ST. JOSEPH, Mo. -- The writer faces nothing so daunting as the blank page staring back. Amanda Davies knows this. And she meets the challenge that empty space poses. In this particular case, the blank page had been conquered, through many early morning sprees on her laptop computer and marathon weekend sessions. And almost four weeks later, in a vehicle somewhere on the Kansas Turnpike headed for Texas, she celebrated the 50,000th word, the St. Joseph News-Press...

Ken Newton

ST. JOSEPH, Mo. -- The writer faces nothing so daunting as the blank page staring back. Amanda Davies knows this. And she meets the challenge that empty space poses.

In this particular case, the blank page had been conquered, through many early morning sprees on her laptop computer and marathon weekend sessions. And almost four weeks later, in a vehicle somewhere on the Kansas Turnpike headed for Texas, she celebrated the 50,000th word, the St.

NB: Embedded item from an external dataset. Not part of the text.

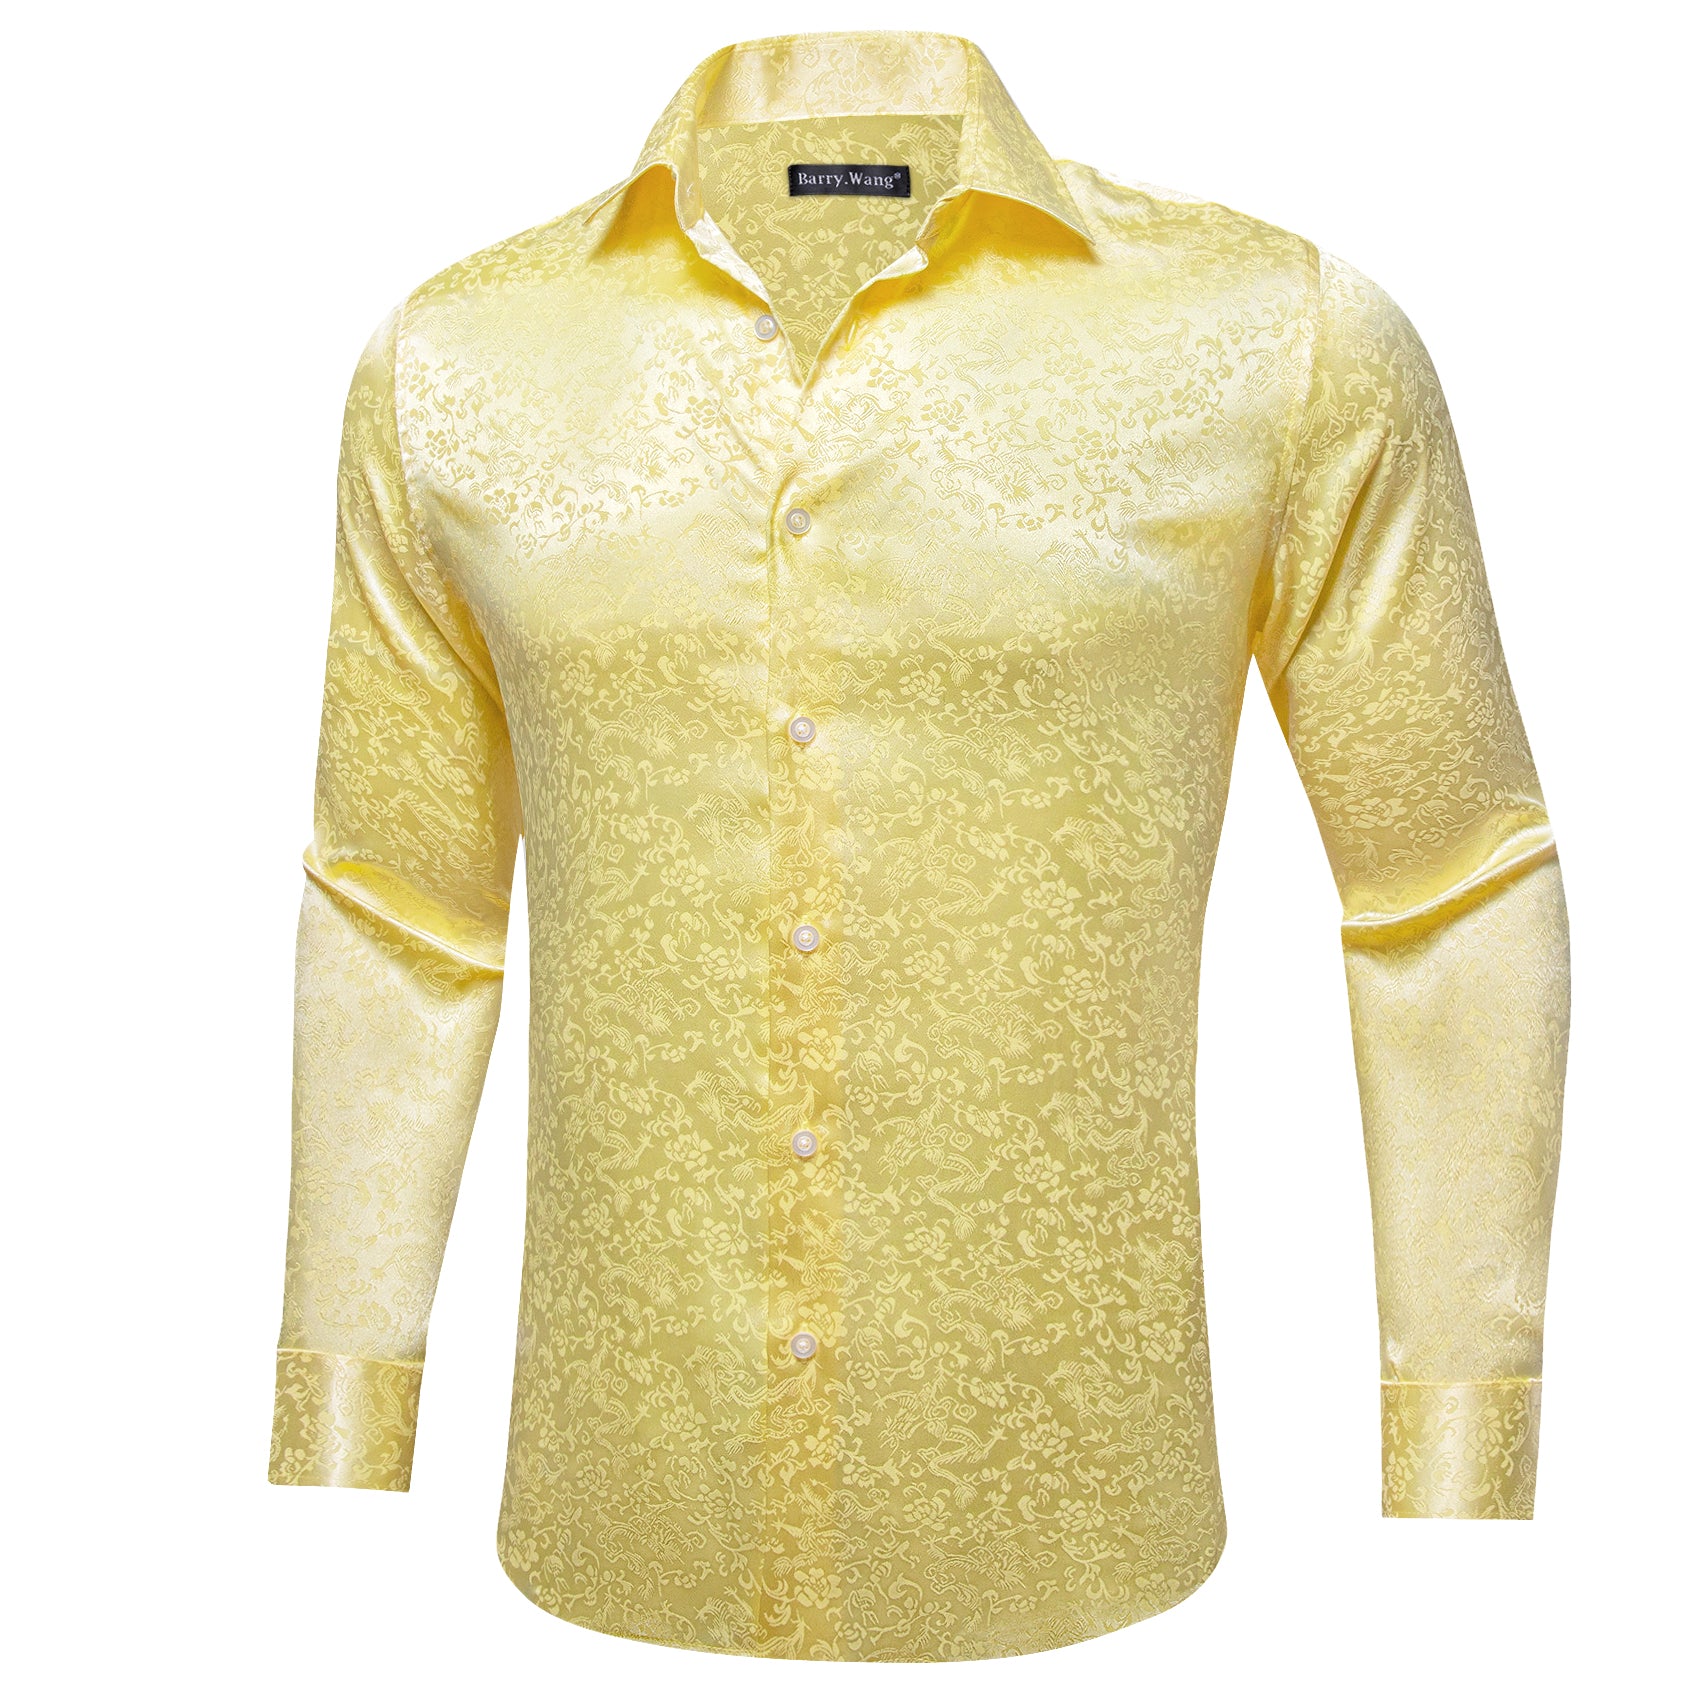 Barry.wang Mist Yellow Floral Silk Men's Shirt

Joseph News-Press.

With days to spare.

This challenge, nationally sponsored but self-imposed, arose from a not-for-profit creativity project known as National Novel Writing Month. The idea is to begin Nov. 1 and, by 11:59 p.m. Nov. 30, have 50,000 words of a book written.

With a lot of drive and the encouragement of peers at the Rolling Hills Library Writers Club in St. Joseph, Davies met the goal Nov. 27.

An exhortation from the passenger side came with this achievement. "There were probably some inappropriate words in there," she laughs.

A history lover, a pet lover and a photographer by training, Davies describes herself as a person long interested in writing but too often distracted and bored by the process.

Among fellow writers at Rolling Hills Library, she felt in a good place to finally harness these skills. And the monthlong challenge, accepted by about 400,000 people worldwide in 2014, gave her a structure she could work with.

"It was a way that clicked for me," she said.

In order to meet the count, the writer needed to get 1,667 words on paper each day. As reference for this volume of text, think of three columns of this newspaper page, top to bottom, no headlines, no photographs. And every day.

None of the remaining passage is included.